According to the Australian Centre for Entrepreneurship Research, based at Queensland University of Technology, Australian women are the most entrepreneurial of the world’s developed economies, with 7.8 per cent of us involved in either setting up a new business or owning a newly founded business. The research also found Australia is the only developed economy in which men and women are participating equally in entrepreneurship.

It would take the corporate sector and government working together to come up with solutions and invest in programs that fit a 21st-century society. This is a society in which women decide to return to their careers after childbirth and use technology to connect, network, and pursue further education; where policymakers consider men equally, and do not just compensate them for supporting a mother for a week or two when she brings a baby home.
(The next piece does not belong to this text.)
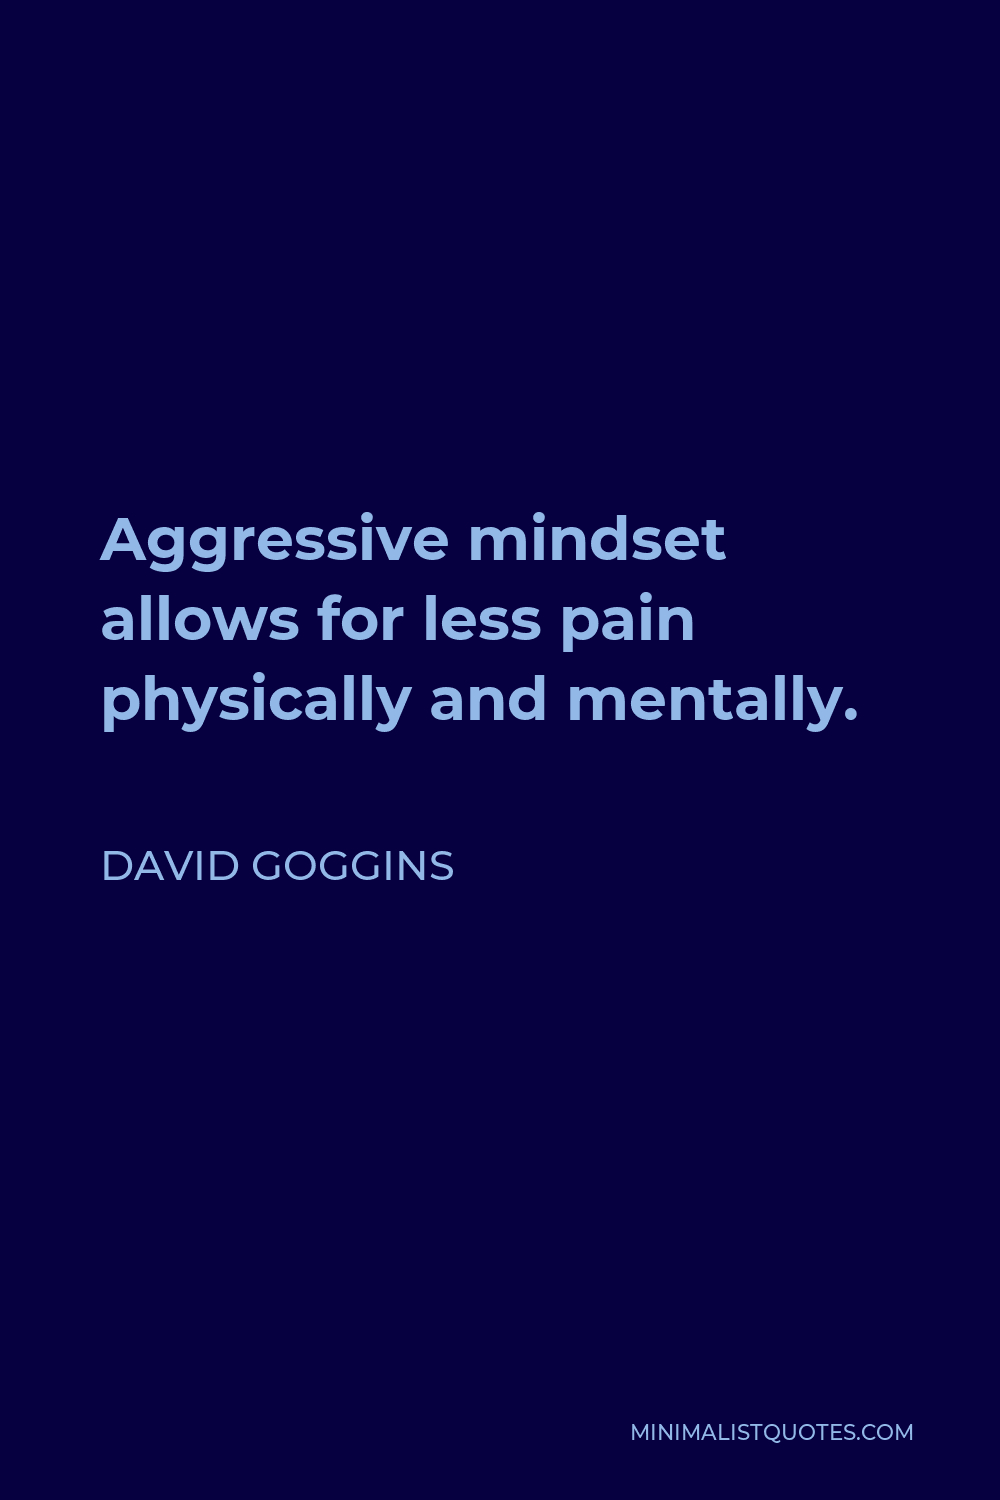 David Goggins Quote - Aggressive mindset allows for less pain physically and mentally.
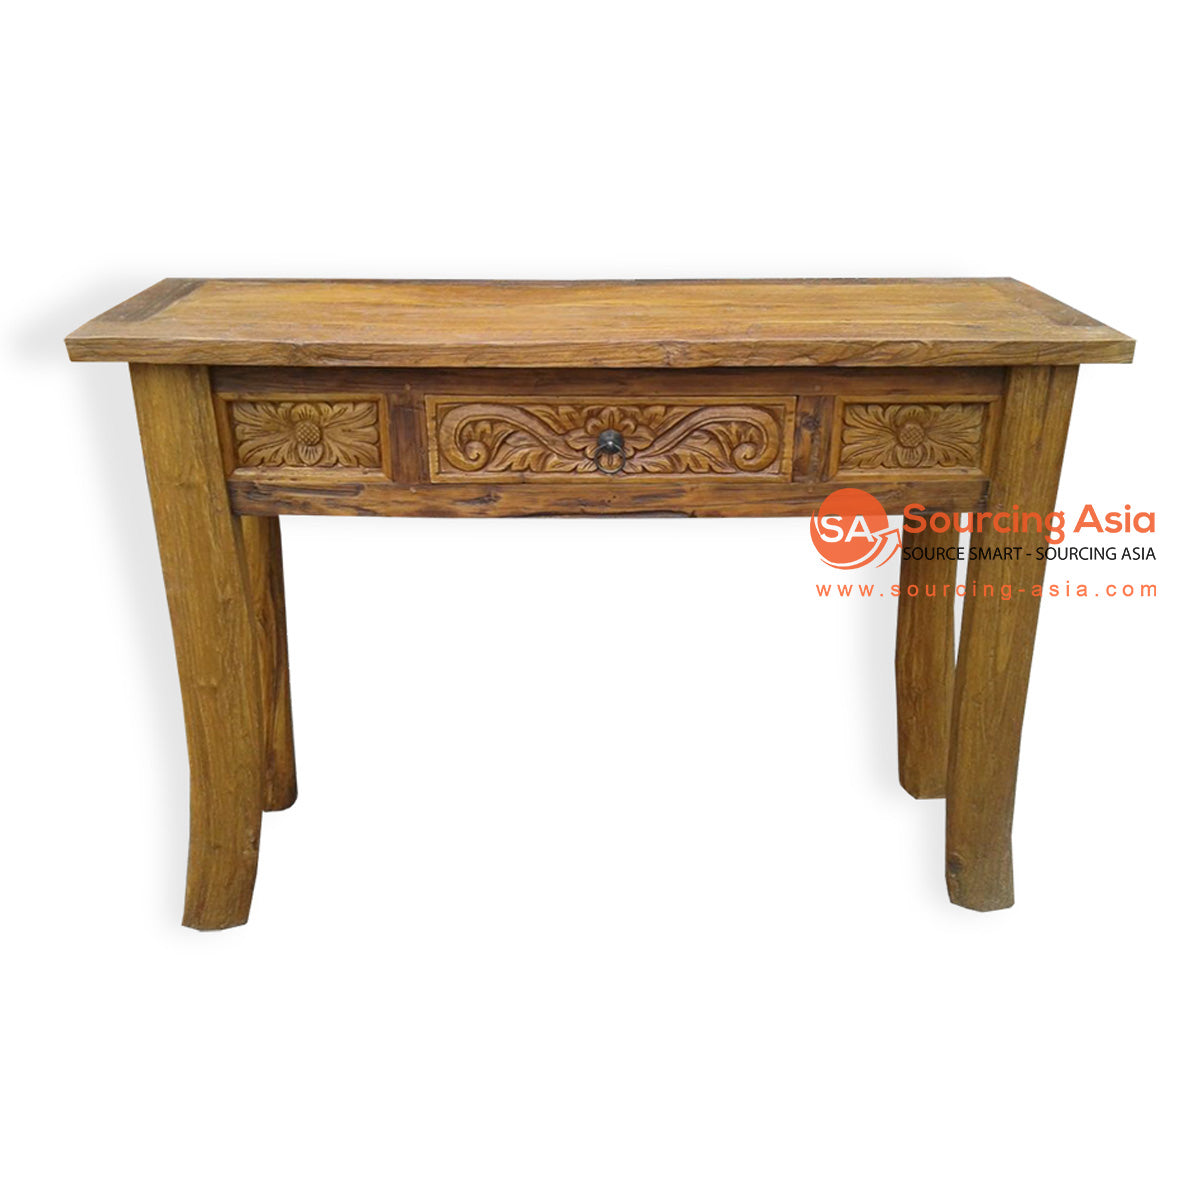 LAC053 NATURAL TEAK WOOD ONE DRAWER CARVED SMALL CONSOLE

In a recent Boston College survey, of the more than 1,000 men surveyed 89 per cent of respondents indicated it was important for employers to provide paid paternity or paid parental leave. More men sharing the care of their child would allow for a much more equal playing field for women who want to advance their careers.

Analysis undertaken in 2012 by Australia’s Workplace Gender Equality Agency shows that women hold only seven CEO positions and make up only 9.7 per cent of executive key management positions in ASX200 companies. We’re not doing enough to help women on maternity leave to re-boot their careers when they want to return to work so they can reach the leadership positions they aspire to. We’re not being creative enough or innovative enough for a 21st-century society.

Women’s full economic participation would make an important contribution to sustainable growth, competitive advantage, and global success. As Business Council of Australia President Catherine Livingston told the Australia–Israel Chamber of Commerce in July: “We need to choose now between a path of purposeful action or a path of painful adjustment.”

And standing right at the fork in this path is 50 per cent of the population. It is the participation of women, the policies for women and families, the equality of women in society and work, and the innovative ideas that make change happen that will help ensure the growth of Australia’s economic and competitive future. 

Although starting from behind, the United States has a great opportunity to embrace innovative work practices that allow both women and men to get the most out of their careers. Its private companies are already doing this at a fast pace. Australia, too, is on the cusp of a change that, if the right partnerships are formed and choices made, could really make a difference. Both nations should pursue a 21st-century society and workforce in which the full and equal participation of women is not negotiable.